(Try it) With the pictures omitted, print exactly the lines below, from the one containing "Mitte des Gartenblattes" through the one containing "Airedale Terrier Dog", and nothing else.

---------- The data

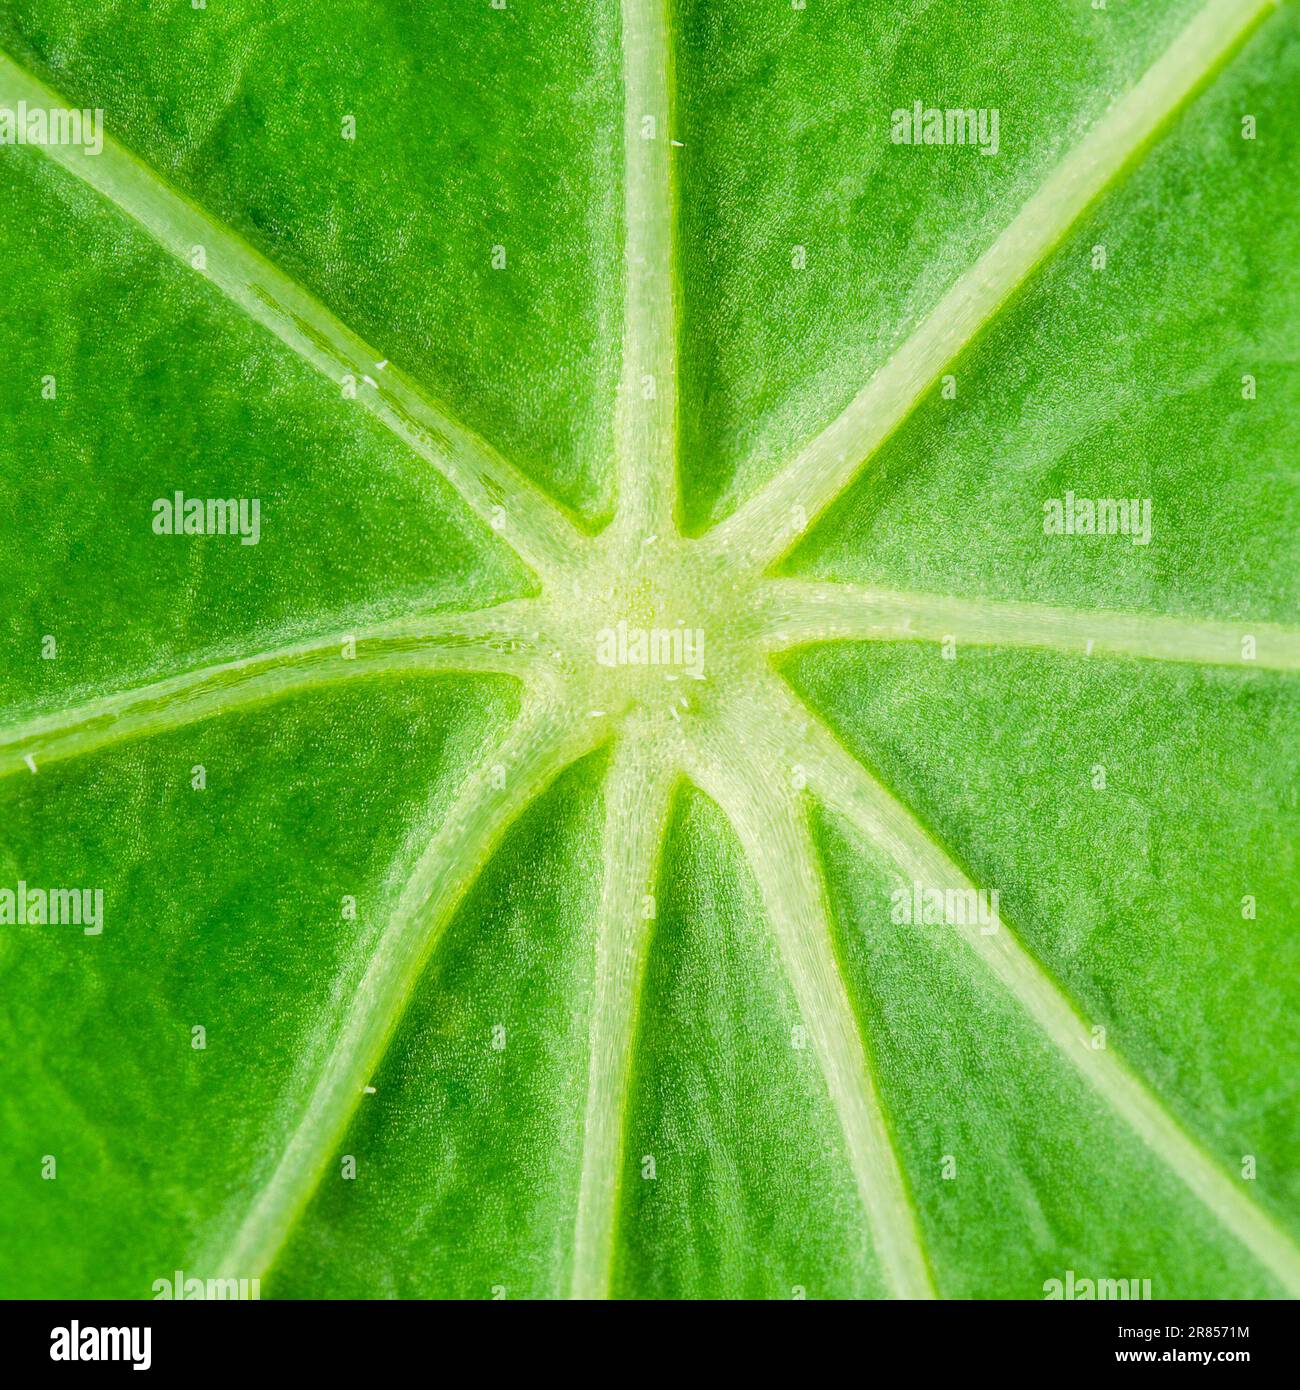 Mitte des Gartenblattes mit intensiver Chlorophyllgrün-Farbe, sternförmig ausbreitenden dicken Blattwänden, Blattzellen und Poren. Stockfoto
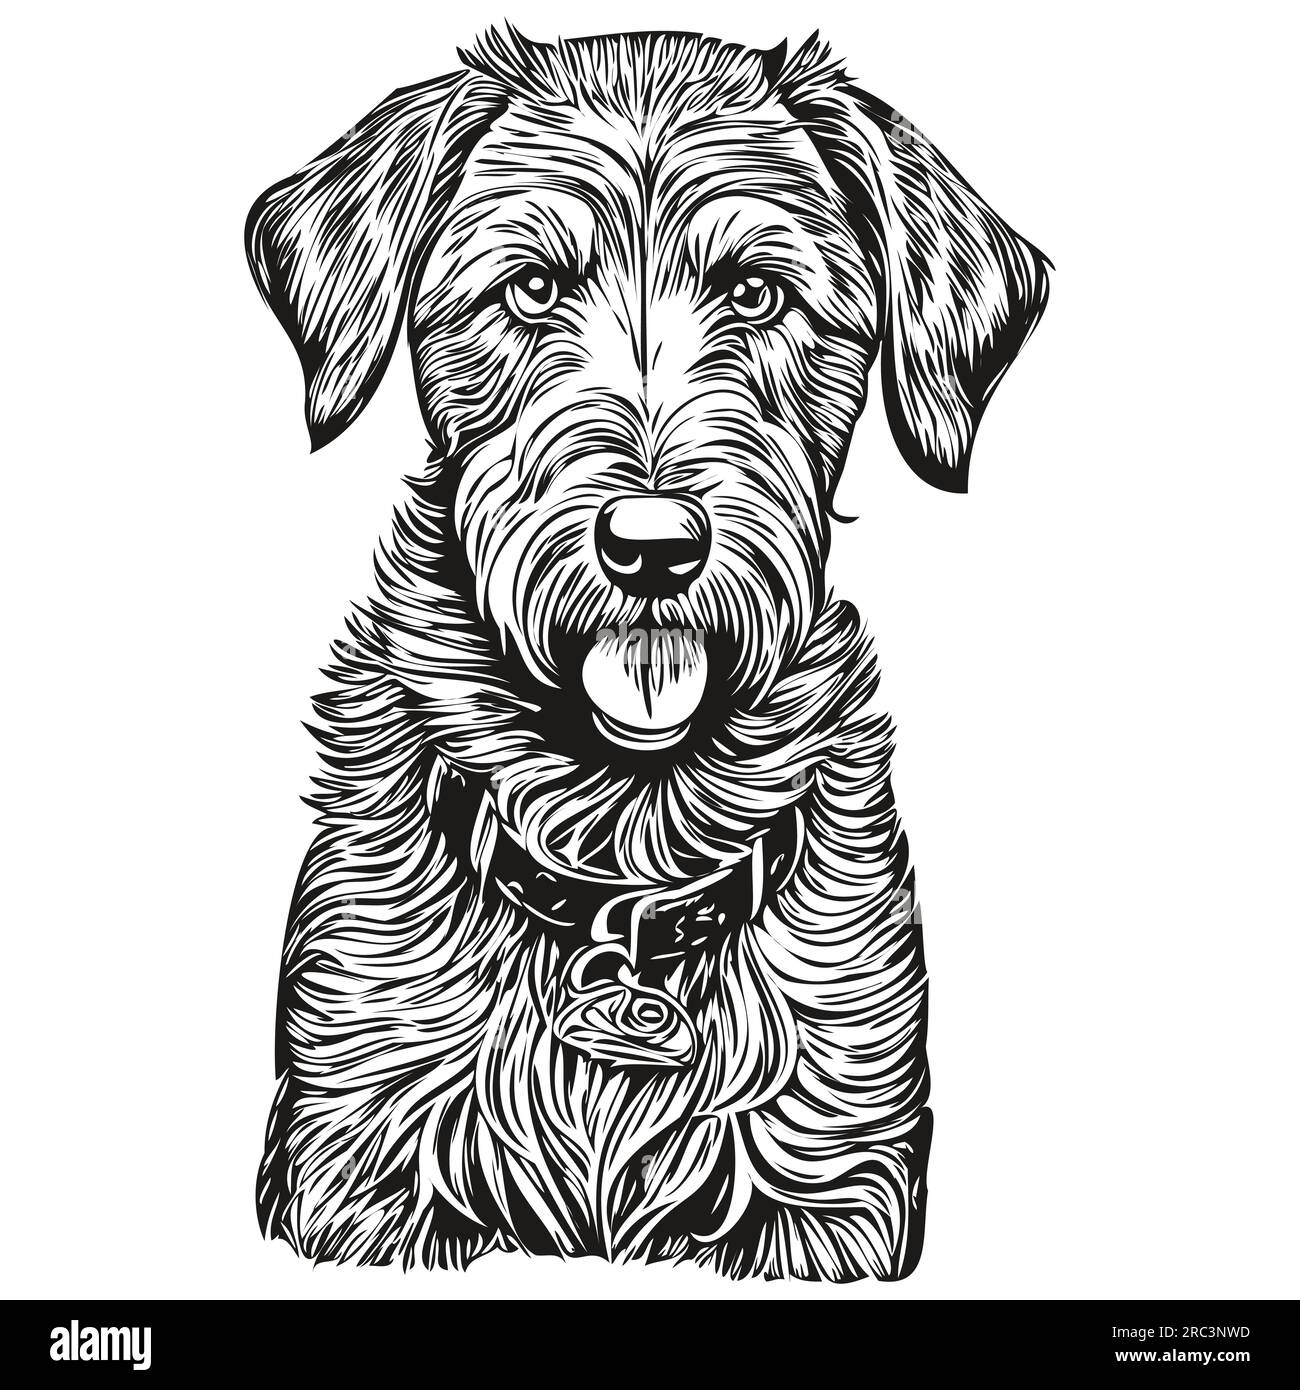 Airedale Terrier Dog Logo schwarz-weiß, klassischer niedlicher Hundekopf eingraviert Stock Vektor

--------------------
---------- The data

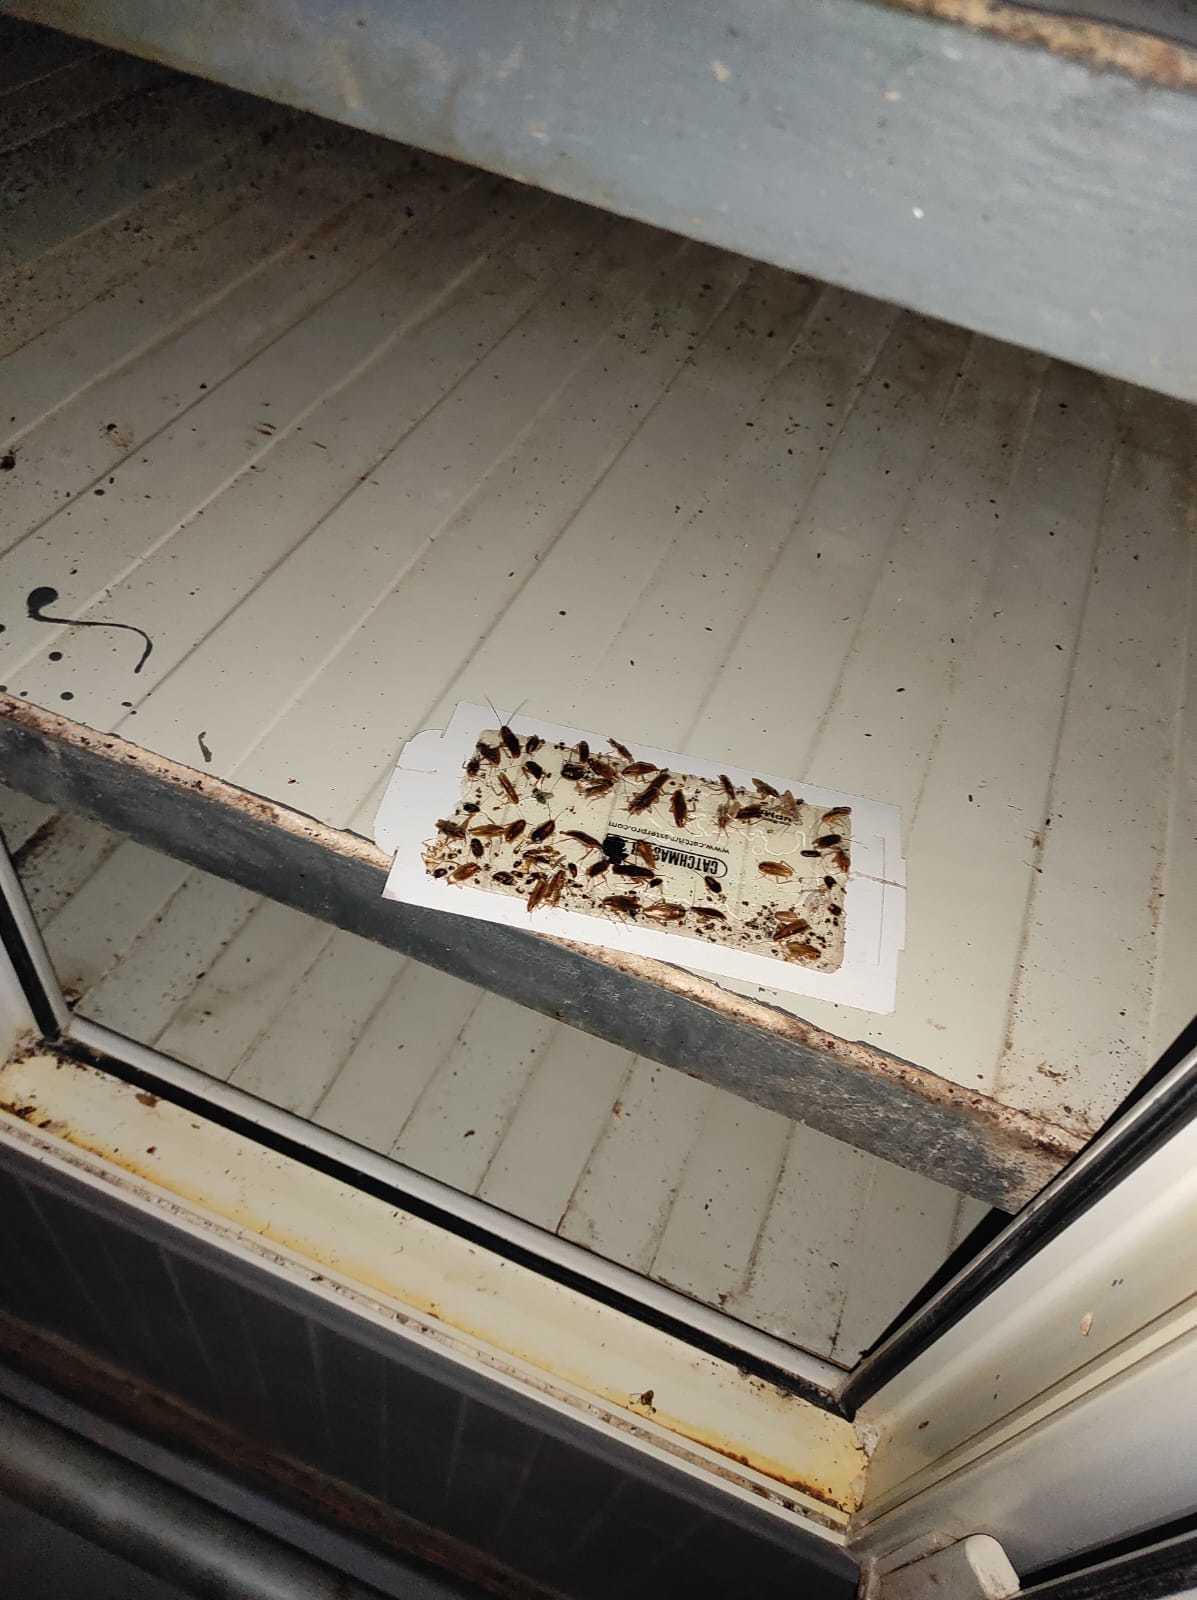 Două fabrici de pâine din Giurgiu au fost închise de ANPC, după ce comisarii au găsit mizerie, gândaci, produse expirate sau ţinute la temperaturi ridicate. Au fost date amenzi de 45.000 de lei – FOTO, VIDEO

--------------------

(Your solution)
 Mitte des Gartenblattes mit intensiver Chlorophyllgrün-Farbe, sternförmig ausbreitenden dicken Blattwänden, Blattzellen und Poren. Stockfoto
 Airedale Terrier Dog Logo schwarz-weiß, klassischer niedlicher Hundekopf eingraviert Stock Vektor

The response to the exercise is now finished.